Although TensorRT doesn't provide straightforward API to query such information, you can get insight from verbose log (TensorRT 6.0),

[09/15/2019-13:28:03] [V] [TRT] Formats and tactics selection completed in 6.49572 seconds.
[09/15/2019-13:28:03] [V] [TRT] After reformat layers: 10 layers
[09/15/2019-13:28:03] [V] [TRT] Block size 16777216
[09/15/2019-13:28:03] [V] [TRT] Block size 2359296
[09/15/2019-13:28:03] [V] [TRT] Block size 589824
[09/15/2019-13:28:03] [V] [TRT] Total Activation Memory: 19726336
[09/15/2019-13:28:03] [I] [TRT] Detected 1 inputs and 1 output network tensors.
[09/15/2019-13:28:03] [V] [TRT] conv1 (icudnn) Set Tactic Name: volta_int8x4_icudnn_int8x4_128x32_relu_interior_c32_nn_v1
[09/15/2019-13:28:03] [V] [TRT] conv2 (i8816cudnn) Set Tactic Name: turing_int8_i8816cudnn_int8_256x64_ldg16_relu_singleBuffer_interior_nt_v1
[09/15/2019-13:28:03] [V] [TRT] Engine generation completed in 8.50567 seconds.

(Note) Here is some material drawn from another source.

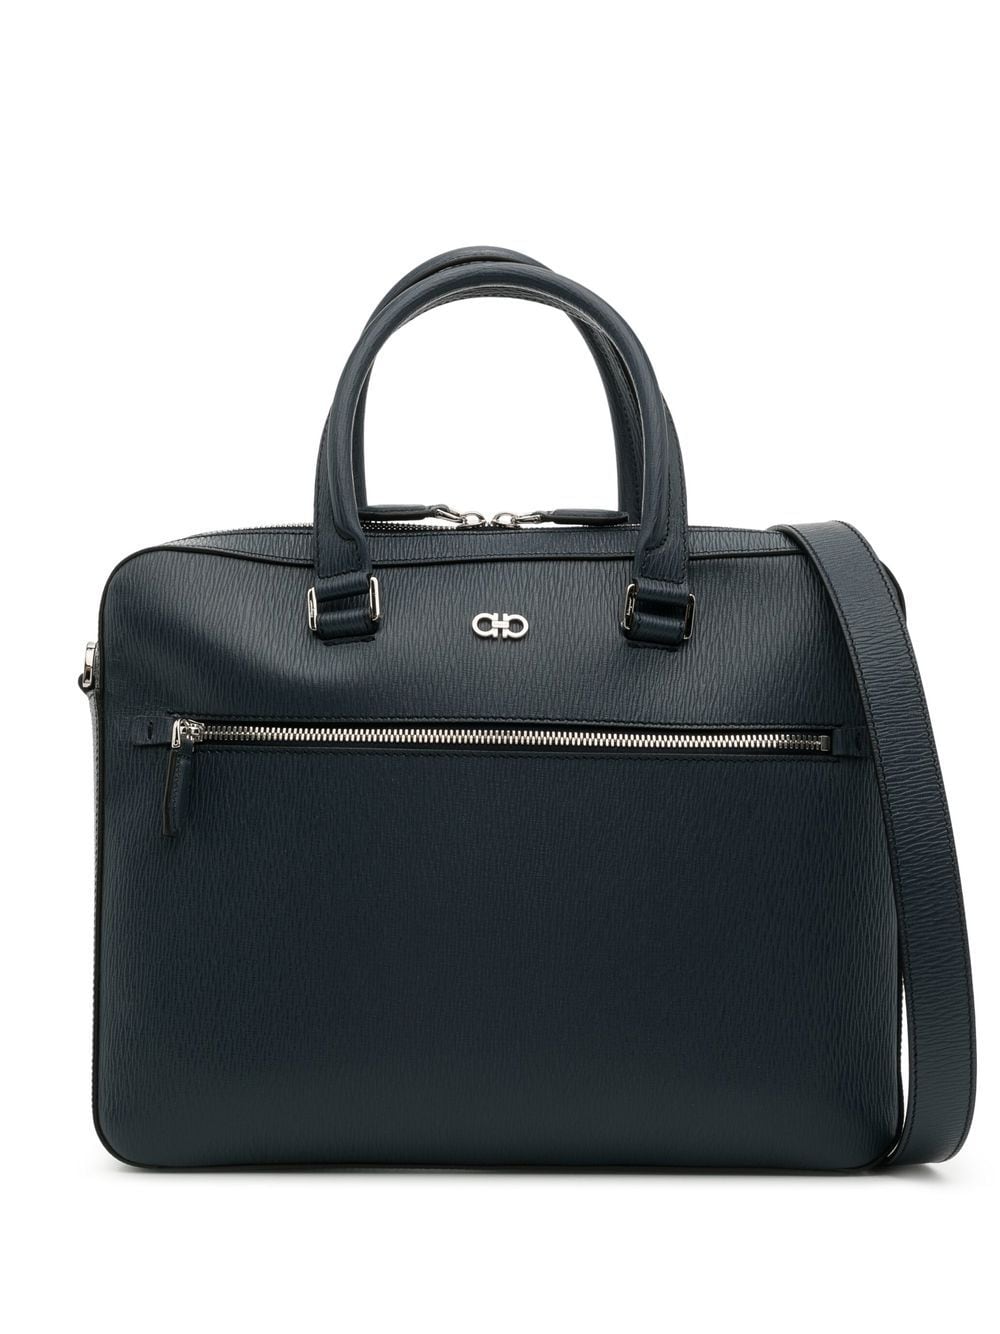 Ferragamo Gancini Leather Business Bag - Farfetch

[09/15/2019-13:28:03] [V] [TRT] Engine Layer Information:
[09/15/2019-13:28:03] [V] [TRT] Layer: scale (Scale), Tactic: 0, data[Float(1,28,28)] -> scale[Float(1,28,28)]
[09/15/2019-13:28:03] [V] [TRT] Layer: conv1 input reformatter 0 (Reformat), Tactic: 0, scale[Float(1,28,28)] -> conv1 reformatted input 0[Int8(1,28,28)]

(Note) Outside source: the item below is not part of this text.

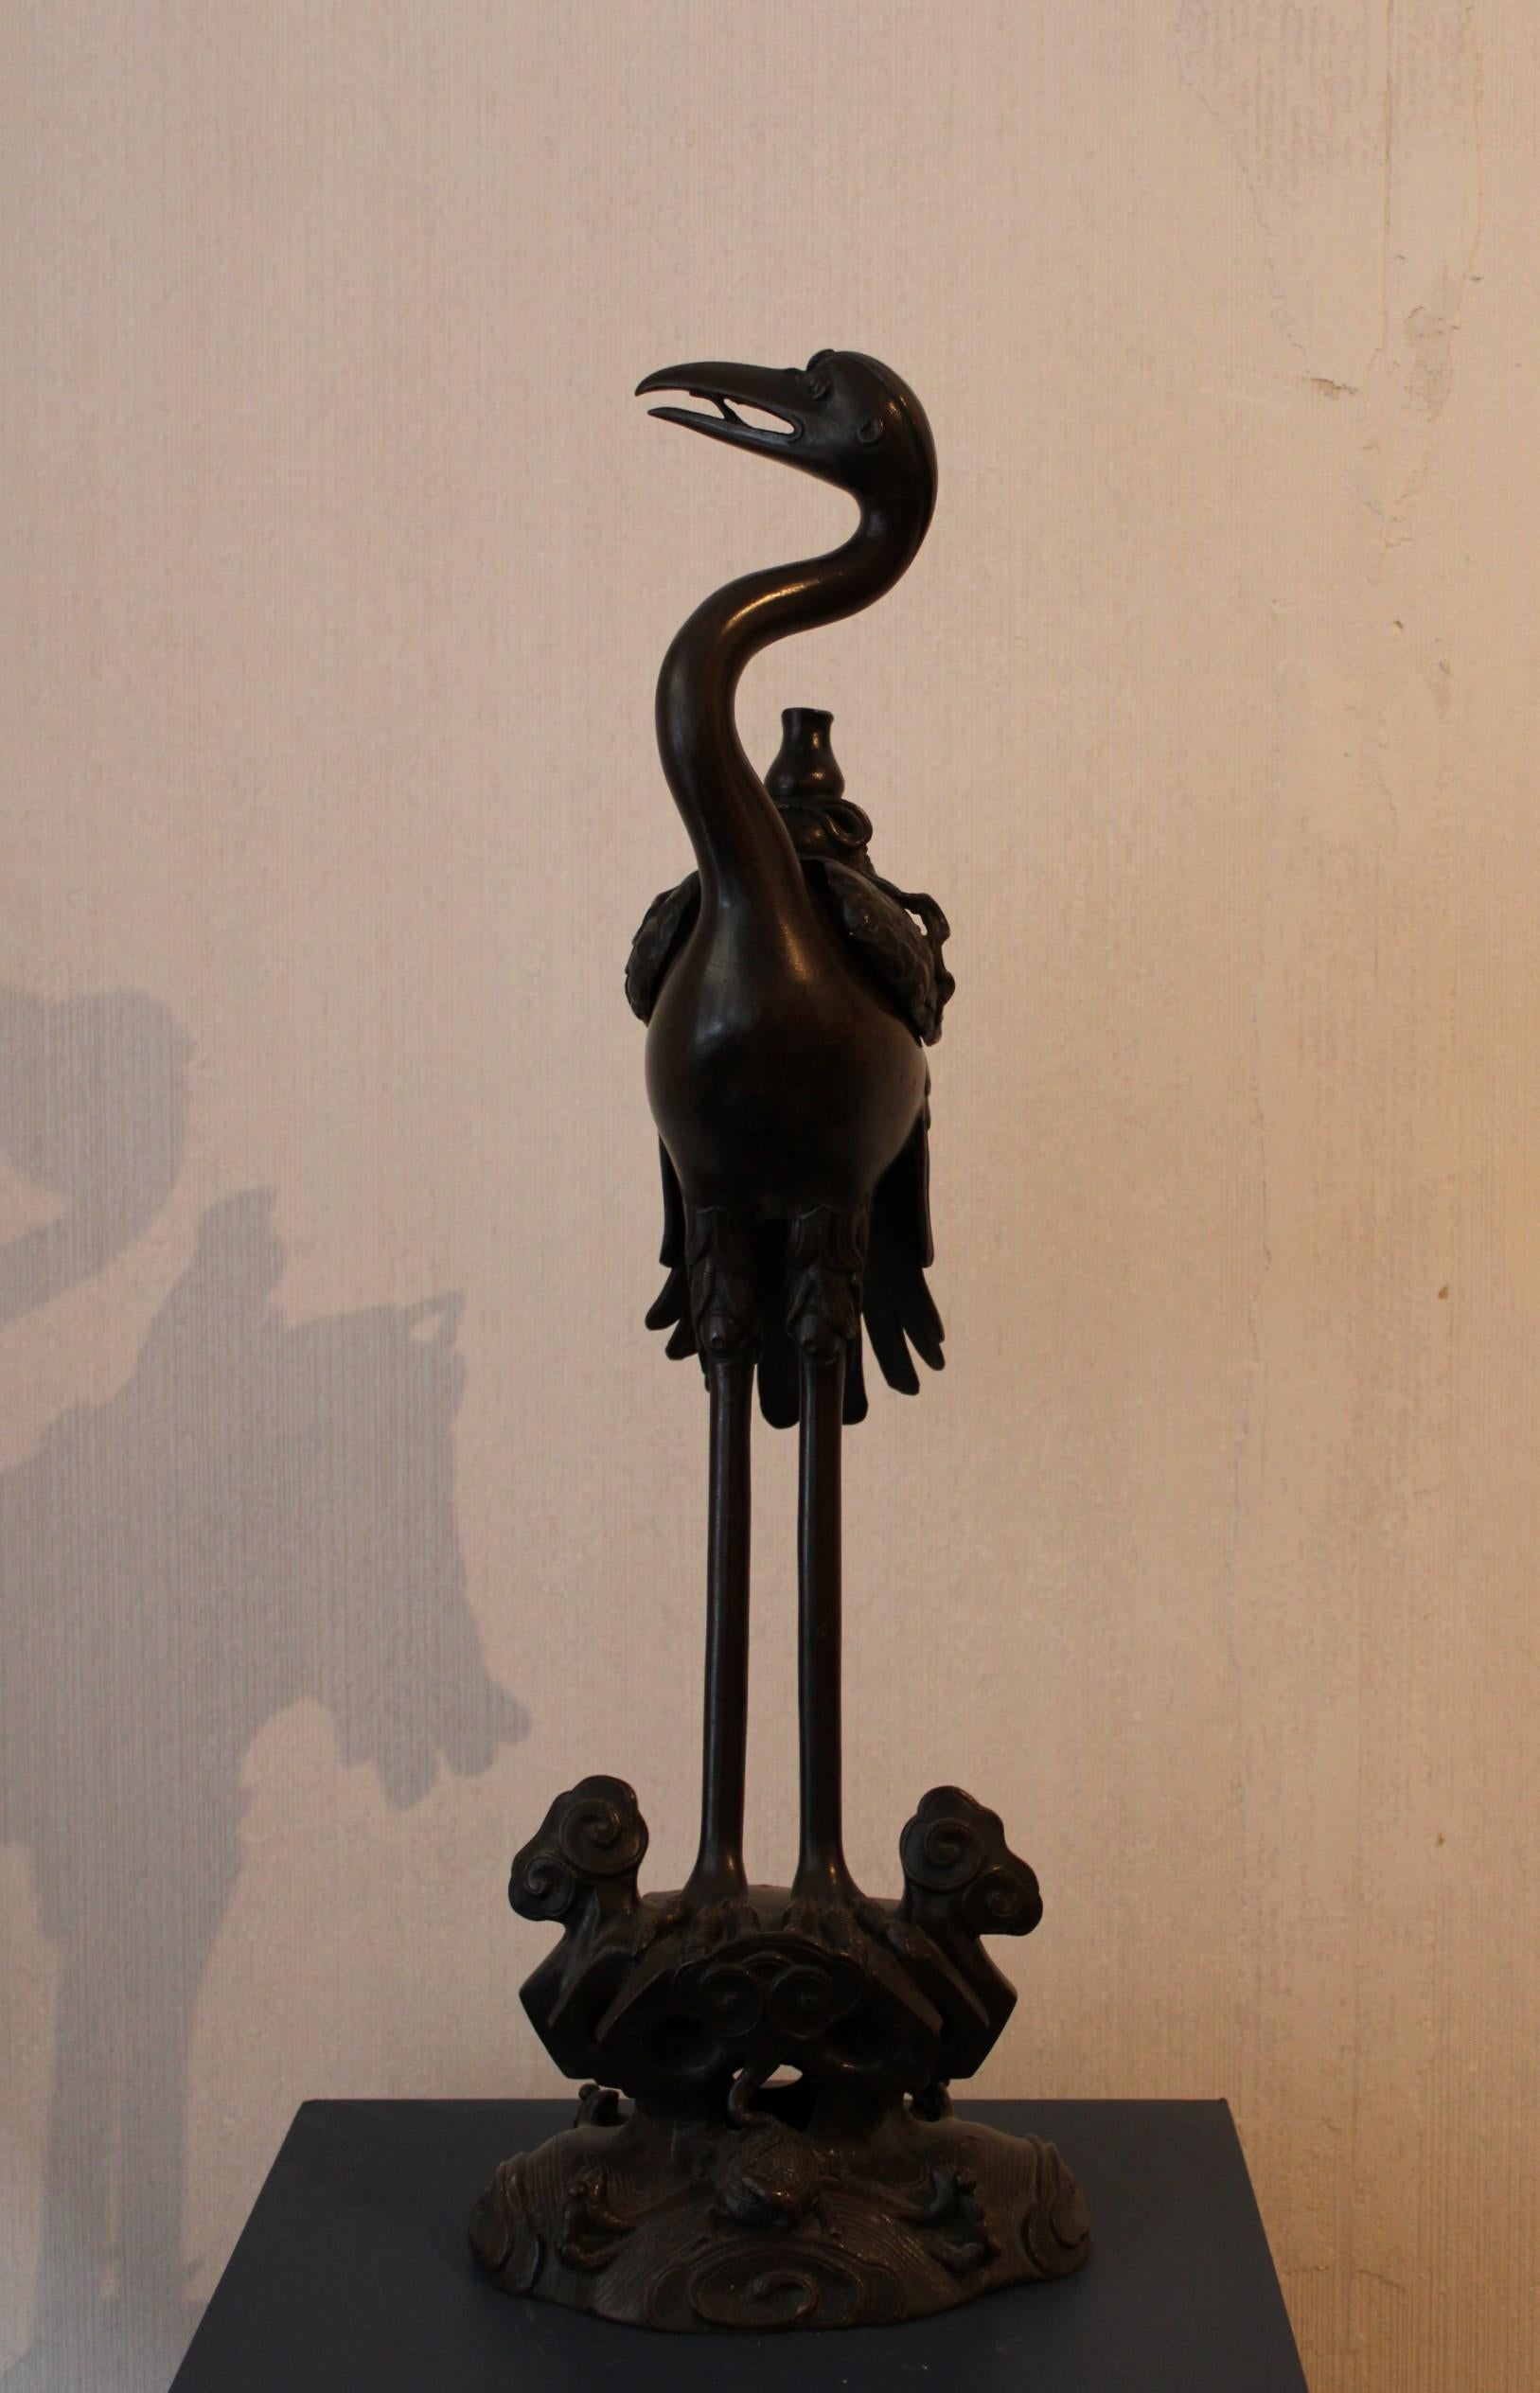 Brûle-encens oiseau en bronze.
Chine, 19ème siècle.

[09/15/2019-13:28:03] [V] [TRT] Layer: conv1 (icudnn), Tactic: -4208188808979933945, conv1 reformatted input 0[Int8(1,28,28)] -> conv1[Int8(20,24,24)]
[09/15/2019-13:28:03] [V] [TRT] Layer: pool1 (Pooling), Tactic: -4, conv1[Int8(20,24,24)] -> pool1[Int8(20,12,12)]
[09/15/2019-13:28:03] [V] [TRT] Layer: conv2 (i8816cudnn), Tactic: -545024964146453661, pool1[Int8(20,12,12)] -> conv2[Int8(50,8,8)]
[09/15/2019-13:28:03] [V] [TRT] Layer: pool2 (Pooling), Tactic: -4, conv2[Int8(50,8,8)] -> pool2[Int8(50,4,4)]
[09/15/2019-13:28:03] [V] [TRT] Layer: ip1 + relu1 input reformatter 0 (Reformat), Tactic: 0, pool2[Int8(50,4,4)] -> ip1 + relu1 reformatted input 0[Float(50,4,4)]
[09/15/2019-13:28:03] [V] [TRT] Layer: ip1 + relu1 (FullyConnected), Tactic: 1, ip1 + relu1 reformatted input 0[Float(50,4,4)] -> ip1[Float(500,1,1)]
[09/15/2019-13:28:03] [V] [TRT] Layer: ip2 (FullyConnected), Tactic: 1, ip1[Float(500,1,1)] -> ip2[Float(10,1,1)]
[09/15/2019-13:28:03] [V] [TRT] Layer: prob (SoftMax), Tactic: 1001, ip2[Float(10,1,1)] -> prob[Float(10,1,1)]

Take above mnist log (TensorRT 6.0) as an example,

  • Formats and tactics selection completed in xxx means TensorRT builder has done the precision and kernel selection.
  • conv1 (icudnn) Set Tactic Name: volta_int8x4_icudnn_int8x4_128x32_relu_interior_c32_nn_v1 means TensorRT builder choose CUDA core based INT8 kernel (indicates from kernel name sub-string 'int8x4') as the final tactic for conv1.
  • conv2 (i8816cudnn) Set Tactic Name: turing_int8_i8816cudnn_int8_256x64_ldg16_relu_singleBuffer_interior_nt_v1 means TensorRT builder choose Tensor core based INT8 kernel (indicates from kernel name sub-string 'i8816') as the final tactic for conv1.
  • The information after Engine Layer Information: list the detailed parameters of all the layer, like, tactic index, input format and output format, input shape and output shape.
  • conv1 input reformatter means the reformatting layer inserted by TensorRT builder in order to convert FP32 input to INT8 input for conv1.